The platform also captured the idiosyncratic toxic effects of a failed drug candidate called TAK-875, which was tested for the treatment of type 2 diabetes. Idiosyncratic toxic effects are relatively rare and usually occur in large patient trials or in the drug's post-marketing phase, but they are often missed during early clinical testing. The Liver-Chip could therefore help researchers better understand the side effects of drug candidates throughout the drug testing process, according to the study.
"Because our chips provide a high fidelity window into biological mechanisms, we were able to answer questions about 'why' and 'where' there are differences between the human and the animal models — well beyond giving a 'yes' or 'no' answer about toxicity," said Geraldine Hamilton, president and chief scientific officer of Emulate and a senior author of the new study.
The scientists note one advantage of their chip is that it allows for continuous fluid flow in an open system. This feature ensures that all the liver cells are exposed to enough of a drug and its by-products, improving the sensitivity of the system when compared to static, non-animal liver models such as lab culture plates.

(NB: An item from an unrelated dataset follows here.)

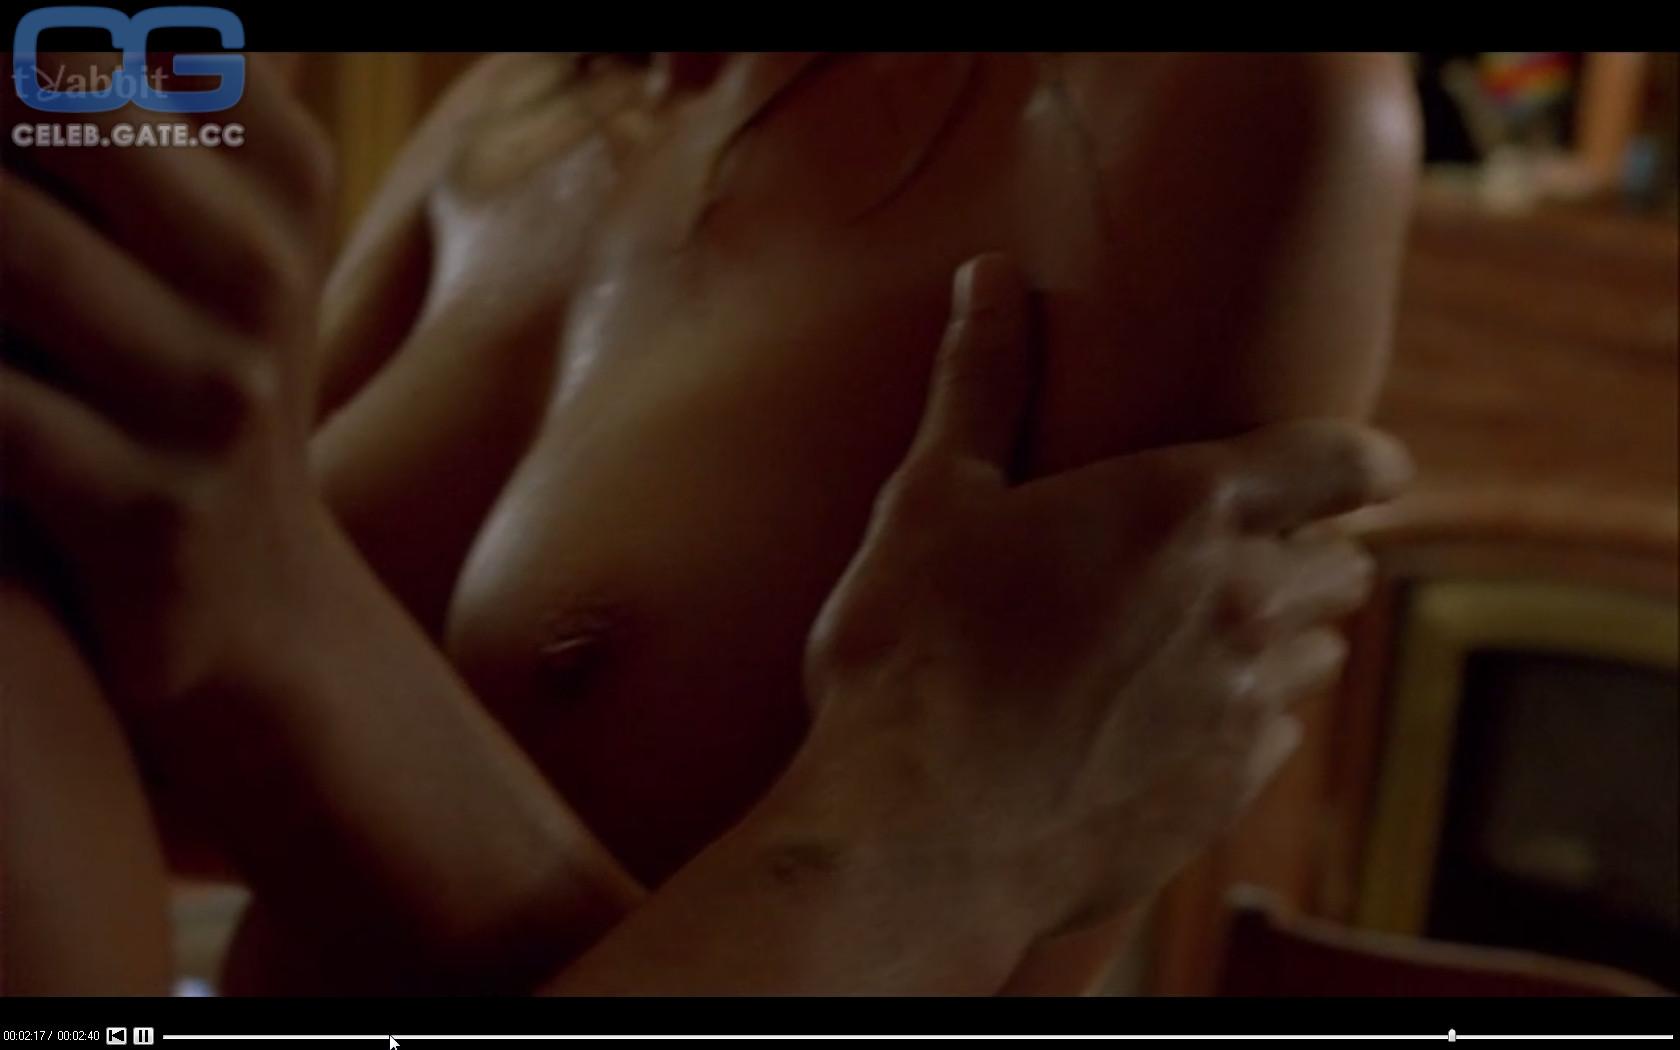 Warm April Bowlby Nude Scene HD

Furthermore, the chips are designed to work with instruments, software, and supporting protocols that allow human cells to properly thrive in the Liver-Chip. The system is also automated, so any scientist in any lab could apply the technology in a reproducible manner, according to Hamilton.
Hamilton sees her team's chips being used side-by-side with existing animal models to enable better predictions and translation to the clinic, as well as to reduce failure rates in drug discovery and development due to safety issues. The team also believes the Liver-Chip could be applied in other preclinical settings, such as discovering biomarkers linked to chronic liver conditions.
The scientists are ramping up the commercialization of their products so they can be applied in real-life settings. They add that a future version of the device could incorporate liver cells derived from an individual's own stem cells to better capture the biological variability of liver cells.